Мать тихонько говорила:
— Где он прячется? Почему?
Мы с сестрами вышли за ворота и добежали до конца улицы. Никого.
Я крикнул:
— Эй, друг, где вы?
Несколько окон открылось:
— Что случилось?
— Вы не заметили тут польского еврея, такого сгорбленного?
— Нет.
Когда мы все опять оказались во дворе, мы едва дышали. Мать тихонько сказала:
— Можно подумать, что он сквозь землю провалился.
Отец повторял:
— Не понимаю.
И тут странная мысль вспыхнула в моем мозгу и тут же превратилась в уверенность: нет, мама ошибается, он не сквозь землю провалился, не земля, а небо расступилось, чтобы принять его. Незачем за ним гнаться, его здесь больше нет. Он поднялся в свое жилище в огненной колеснице, чтобы рассказать Господу, что его благословенный народ будет жив и в будущем.
— Друг, вернитесь! — в последний раз крикнул отец. - Вернитесь, мы будем вас слушать.
— Он не может тебя услышать, — сказал я. — Он уже далеко.
С тяжелым сердцем мы вернулись к столу и снова подняли наши бокалы.
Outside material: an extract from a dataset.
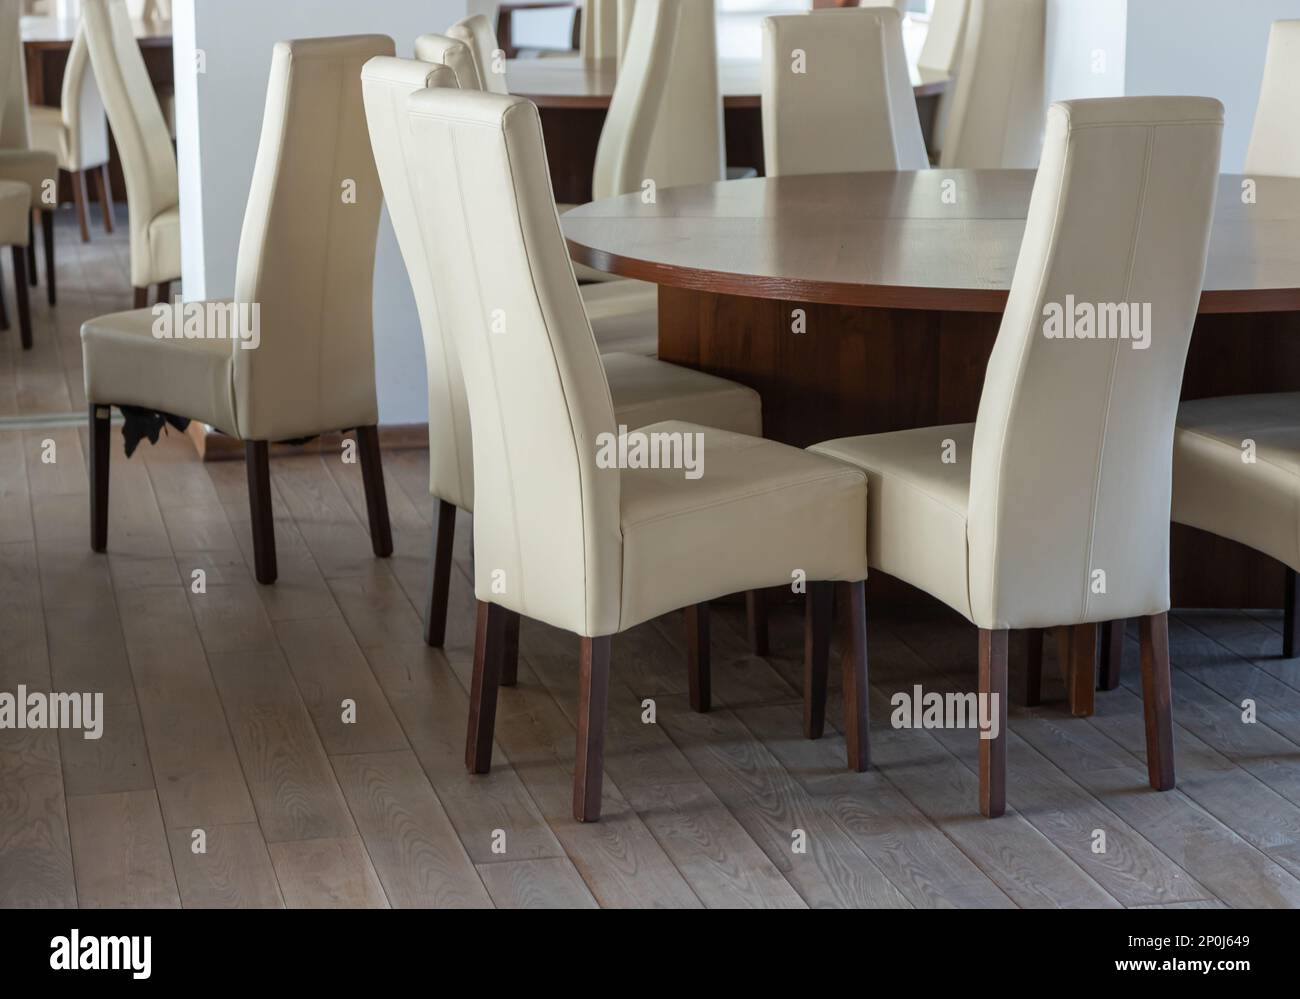 Abstract modern interior of cafe or meeting room with rounded armchairs. Stock Photo

Мы прочли традиционные благословения и псалмы, и под конец спели Хад Гадья — страшную песню, где во имя справедливости зло призывает зло, смерть призывает смерть, пока наконец самого Ангела смерти не зарезал Всевышний, да благословенно будет имя Его. Я любил эту наивную песенку, где все, кажется, примитивно и просто: кошка и собака, вода и огонь, палачи и жертвы, понесшие одинаковое наказание в рамках единого Промысла. Но в этот вечер песня мне не понравилась. Я взбунтовался против смирения, которое она проповедовала. Почему Бог действует всегда слишком поздно? Почему не устранил Он Ангела смерти еще до первого убийства? Если бы наш гость остался с нами, он задал бы эти вопросы. Теперь, когда он ушел, их задал себе я.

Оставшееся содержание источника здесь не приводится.